イメージ戦略は分析的アプローチに比べ,はまれば強いと言えます。問題を一瞬で解決する力を持ちますが,はまらなければ,意味不明で効果は期待できません。もともと合理的な意味は無いわけですから,その多用は無用だと思います。指導者でも,分析的アプローチ優位の人と,イメージ戦略優位の人がいると思いますが,音楽をやる人には右脳タイプは多そうですから,案外,後者の方も多いのかもしれません。その辺も含めて,先生と生徒との相性がありそうです。音楽家タイプの先生が,実務家タイプの生徒を教えるのは難しそうですし,その逆も,やはり難しいでしょう。

音楽に関する知識も無いよりもあった方が良いに決まっていますが,やはり優先順位だろうと思います。技術に関する事であれば,まずは分析的アプローチが先で,それで足りない分をイメージ戦略で補う。音楽的側面に関してもそうだと思います。技術面と音楽面とは切り離せない事項もあるとは思いますが,先ずは技術的側面と音楽的側面を整理して,それらそれぞれにおいて分析的アプローチとイメージ戦略とを適用すべきだと思います。
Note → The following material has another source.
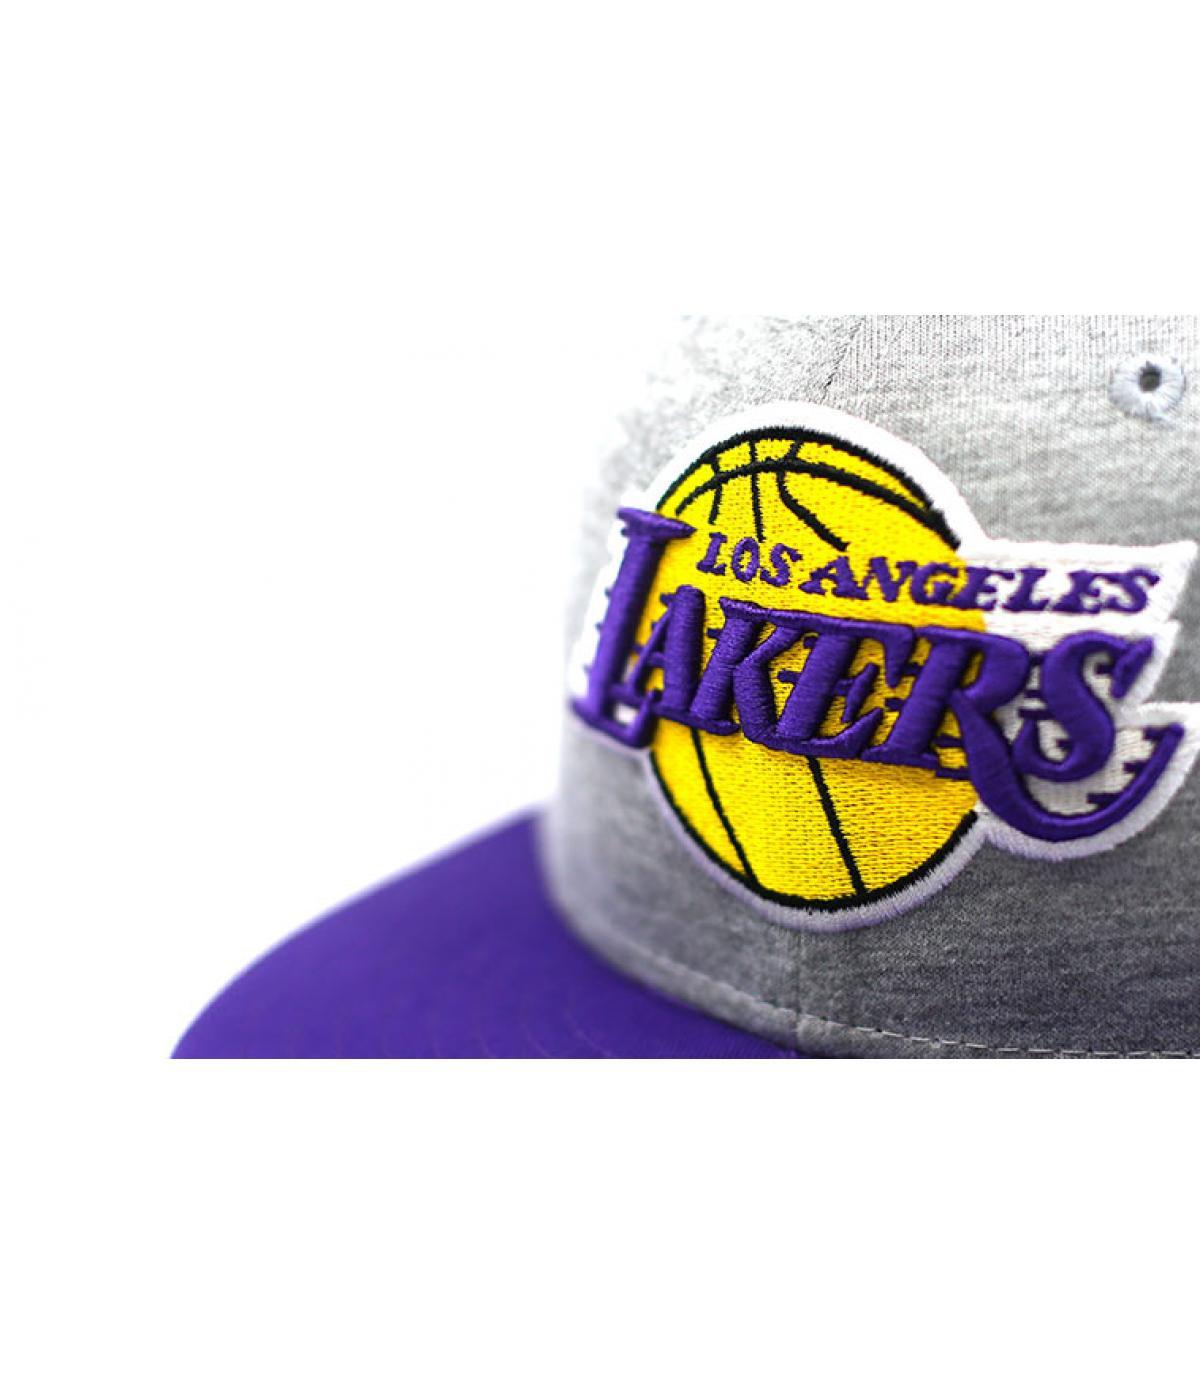 Details Shadow Tech 9Fifty Lakers - Abbildung 3

それらの整理をせず,あれもこれもとごっちゃにしてしまう事は好ましくないと思います。響くところがあればそれはそれで効果的だろうと思いますが,要は優先順位です。なかなか人間いっぺんには消化できません。基礎技術の不足しているところに音楽的側面をイメージで語っても,演奏はあまり良くならないです(分かっていてもその様には弾けない)し,むろん技術練習の分析ばかりで音楽的側面の意識がなければなかなか音楽的成長は無いでしょう。